Fork me on GitHub

well, yada docs were in markdown but we are in the process of moving to asciidoc for all the great reasons here: - having had some good experiences with DocBook at various points in my career, it's a great choice - only gradually beginning to exploit the benefits of asciidoc so far, but for me there's no turning back to markdown -thanks to @dominicm for introducing me to it


yes, leanpub authoring is markdown only (and I've run into problems with chinese characters in one of my yada examples, which is still an outstanding issue) - but fortunately leanpub let you upload any generated pdf so you can still sell books without buying into their markdown build pipeline. So eventually I'll upload a PDF generated from a DocBook pipeline (and it will a much better looking document than what is possible with their markdown stuff)

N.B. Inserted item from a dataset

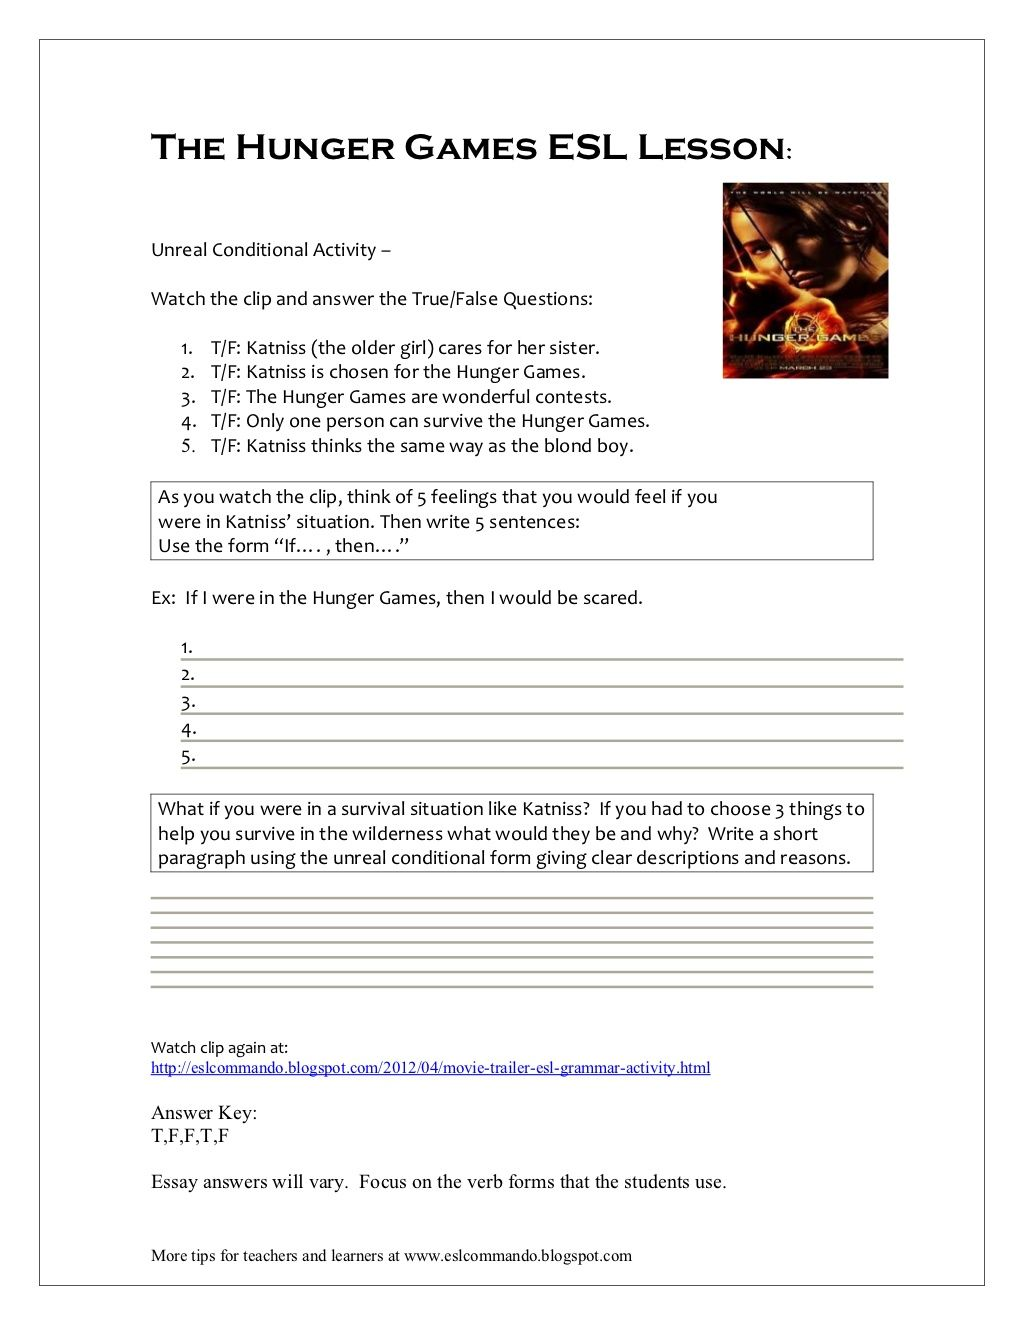 resume The Hunger Games Resume the hunger games esl lesson by phricee via slideshare ideas essay on book lesson

agile_geek: re your ETL question - I'd go with plain clojure and then s3 for the data lake. You can use spark to process the data in s3 (as an HDFS like store) if you have some big data processing to do. You can do all the spark in EMR which you can control from amazonica. Data in and out of s3 can be done by amazonica too.


@otfrom: that option had crossed my mind too. Bit like the bit of code I did for Mastodon C last year. I've found out a little more about the data and systems and I suspect you're right. However the work is to figure out the landscape and problems to solve first... assuming I win it.